All of this training data, however, is taken from texts that contain opinion. To accurately identify neutral tweets we had to augment our training data, as our models were operating without ever having seen a tweet that did not express any sentiment. As such, we decided to use a technique used in sentiment classification for movie reviews called the “Hierarchical Classifier.” The classifier first determines whether a tweet is objective or subjective, and then categorizes only those tweets that express an opinion.

We made other adjustments to fine-tune our models for use with Twitter, such as accounting for URLs and usernames. We standardized all URLs and usernames (i.e. replaced them with the words URL or USERNAME) so that they would be recognized as recurring features. We also removed retweets from the training data, as these duplicates would introduce some bias.

We also added the ability to restrict our training data by language. One word may have an opposite meaning in a different language, potentially reducing the accuracy of our model. Twitter provides language metadata on its tweets, but we found it to be inaccurate. Instead, we employed another language classification technique that uses character frequency to determine the most likely language. This approach is ideal for our purposes because its accuracy is not compromised by short-form text like tweets. After making adjustments to account for Twitter-specific idioms, we were able to verify that this language classifier met our expectations.

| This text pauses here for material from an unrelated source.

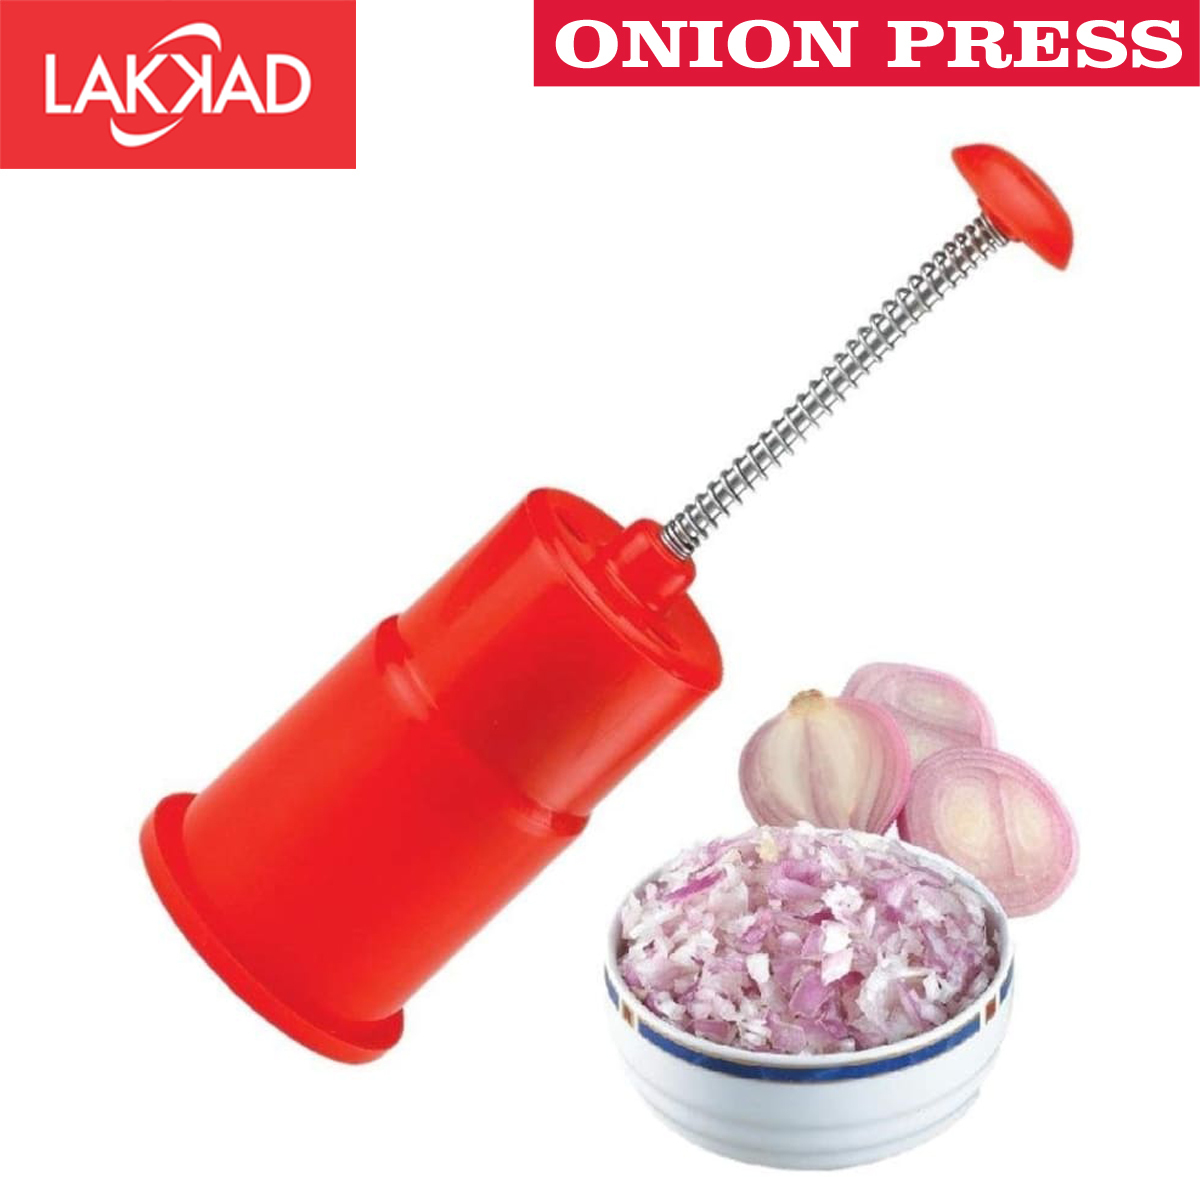 Onion Press

To measure the effectiveness of our categorizer, we must compare its results with tweets that have been classified by an actual human. The simplest metric of effectiveness is to compute the percentage of tweets categorized correctly. Having classified the tweets by hand, we know the relative frequencies of each category. As such, we can compute our expected accuracy if we were to categorize tweets at random according to this same distribution. With the distribution of our test data, the expected success rate would be 38%. The model, on the other hand, correctly classifies 60% of all tweets. This represents a significant improvement over the random case.

Our users will be more interested in how accurate the classifications are to their ‘true’ average values than in the sentiment of any one given tweet. The questions we are attempting to accurately answer for our clients include: what fraction of tweets is positive, what fraction is negative, and what fraction is neutral. This relative frequency of sentiments can be viewed as a discrete distribution on one random variable taking three possible values. Thus, three relative frequencies can take any value between 0 and 1 so long as they sum to 1. Geometrically, the set of allowable relative frequencies describe a surface in the unit cube (three variables with one constraint). Specifically, the surface of the unit sphere with all coordinates positive represents the set of all allowable distributions.

What does this have to with our accuracy? The point associated with the human-measured frequencies and the point associated with the frequencies generated by our automatic classifier lie .057 apart on the surface of the sphere. Are we willing to accept this as close enough to the true frequency distribution? The set of points that are within .057 of the point for the human measured frequencies makes up less than 0.6% of the total area of the spherical section that represents all possible frequency distributions. To account for possible error in human measurement, me must consider that the true distribution may not be equal to the human measured distribution. A reasonable estimate of this error puts our classifier’s distribution at most twice this distance from the true distribution, but possibly much closer.

We can thus estimate that our categorizer has produced a frequency that is in the 97th percentile. While this exact number may depend on the data set in question, any results near this accuracy paint a clear picture of overall sentiment across the web. We find this very encouraging, and expect that our results will only improve as we expand our training data set. Furthermore, now that we have laid the groundwork in our implementation, we can easily apply the Maximum Entropy algorithm to other classification problems, and hope to extend it to deeper problems such as consumer intent.

Reference

1. Alec Go, Richa Bhayani and Lei Huang, “Twitter Sentiment Classification using Distant Supervision,” http://www.stanford.edu/~alecmgo/papers/TwitterDistantSupervision09.pdf

2. Bo Pang and Lillian Lee, “A Sentimental Education: Sentiment Analysis Using Subjectivity Summarization Based on Minimum Cuts,” http://www.cs.cornell.edu/home/llee/papers/cutsent.home.html

Posted by Shawn SmithAugust 5th, 2010

Business Development Internship at Trendrr: Fall 2010

Trendrr is a New York-based business intelligence web service for digital and social media.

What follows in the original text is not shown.